Setujukah Jika Pelaku Pelanggaran Hukum Anak di Bawah Umur Masuk Lapas Anak/LPKA ?
Beberapa hari ini viral berita tentang kasus Audrey, anak SMP di Pontianak yang mengalami penganiayaan dari belasan anak SMA yang katanya dipicu masalah asmara. Saya rasa teman-teman mungkin sudah mengikuti beritanya ya.
Tentu saja berita tersebut memicu reaksi marah dari banyak pihak. Saya sendiri pas baca hati terasa sakit dan panas. Bayangkan jika itu menimpa anak/ponakan/saudara saya. Sudah pasti saya bakalan ngamuk dan langsung seret ke Polisi.
Nah, kasus ini bertambah heboh karena sempat ada penyampaian dari KPPAD (Komisi Perlindungan Perempuan dan Anak Daerah) Pontianak, sebagai lembaga yang menjadi mediator kasus ini , mengatakan bahwa berharap kasus ini tidak sampai ke ranah pengadilan. Karena baik pelaku dan korban sama-sama di bawah umur.
Hal tersebut lalu disuarakan seorang Netizen di twitter dengan akun @zianafazura dan kemudian diretweet ribuan orang, diangkat media online. Tentu saja selain mengecam pelaku, netizen juga mengecam sikap KPPAD Pontianak yang menyarankan untuk diselesaikan dengan cara damai. Padahal penganiayaan termasuk tindakan kriminal. Belum lagi mengingat kerugian fisik dan psikis yang dialami korban.
source : here |
Sayangnya, setelah hal tersebut viral, KPPAD Pontianak justru melaporkan si @zianafazura ke Polisi karena dianggap mencemarkan nama baik lembaga tersebut. Karena pada dasarnya KPPAD hanya menyarankan yang terbaik melihat dari sisi kedua belah pihak yang masih sama anak-anak, tetapi keputusan akhirnya menyerahkan pada keluarga.
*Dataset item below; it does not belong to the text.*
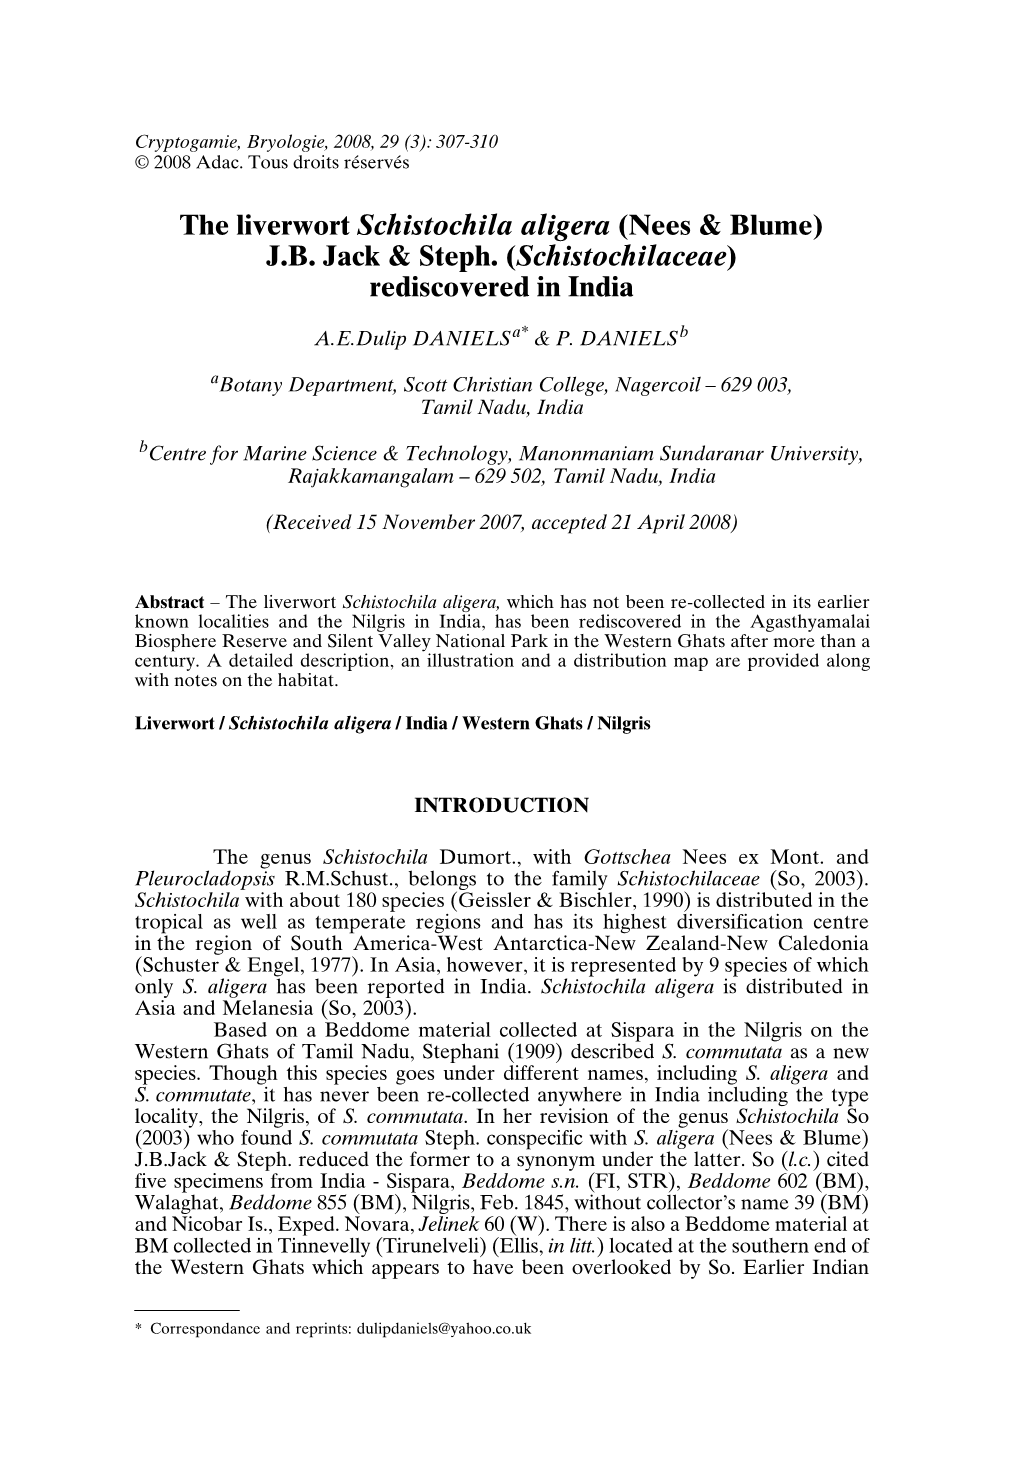 The Liverwort Schistochila Aligera (Nees & Blume) J.B. Jack & Steph

Namun yang saya mau bahas kali ini, sebagai perempuan, ibu, dan juga petugas lapas yang pernah bekerja di Lapas Anak yang sekarang berganti nama menjadi LPKA (Lembaga Pembinaan Khusus Anak). Apakah melaporkan pelaku pelanggaran hukum yang di bawah umur dan memasukkannya ke LPKA akan memberikan efek jera atau dapat mengubah pelaku menjadi lebih baik? atau malah tambah menghancurkan masa depannya.
Sebelum kesimpulan diambil, saya bahas dulu ya gambaran kehidupan di LPKA itu seperti apa.
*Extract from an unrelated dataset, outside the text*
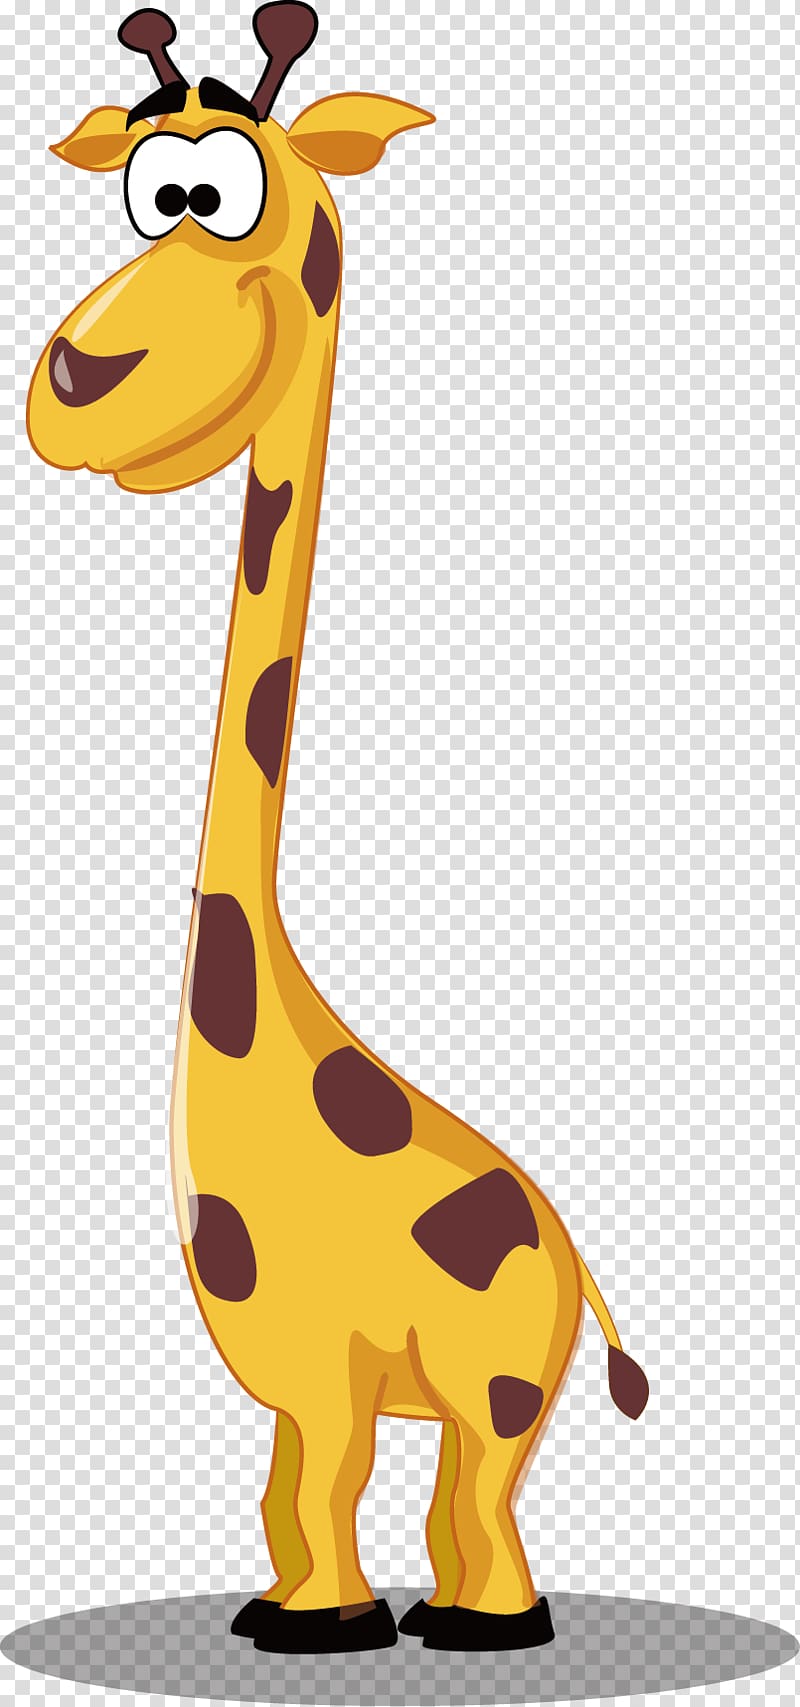 Giraffe Animal Cartoon Illustration, Giraffe decoration transparent background PNG clipart

Bagi masyarakat awam kalau dengar kata "Lapas" atau masih sering disebut "penjara" biasanya identik dengan tempat yang menyeramkan. Jeruji besi dimana-mana, tembok tinggi dengan kawat-kawat tajam, serta petugas yang stand by berjaga 24 jam. Yap, itu memang benar.
Namun kalau ada yang beranggapan di dalam lapas khususnya LPKA, para penghuninya dikurung, disiksa, dimaki-maki, dikasih makan nasi kering, disuruh kerja nyangkul atau mecahin batu, kalian salah.
Sesuai namanya, LPKA adalah tempat PEMBINAAN bagi anak-anak yang bermasalah hukum. Kenapa negara memutuskan bahwa mereka yang melanggar hukum harus dibina? bukan disiksa agar jera? karena mereka adalah manusia yang punya hak-hak asasi. Mereka berhak diberi kesempatan kedua.
Jadi di LPKA itu, anak-anak diberi kegiatan bermanfaat dengan tujuan agar mereka menjadi pribadi yang lebih baik. Misalnya, subuh dibangunkan untuk sholat di kamar masing-masing. Sekitar pukul 08.00 WIB dikeluarkan dari kamar masing-masing untuk bersih-bersih atau piket kamar dan lingkungan blok. Kemudian makan pagi diantar oleh tamping dapur, dan mereka sarapan. Setelah itu ada kegiatan paket A/B/C, atau pengajian.
Siangnya wajib sholat dzuhur berjamaah dan sehabis itu diberikan makan siang. Kalau diantara mereka ada yang sakit, tinggal melapor ke petugas dan diantar ke klinik di dalam LPKA. Jika sakit parah dan nggak bisa ditangani perawat di LPKA, maka dirujuk ke RS dengan pengawalan tentunya.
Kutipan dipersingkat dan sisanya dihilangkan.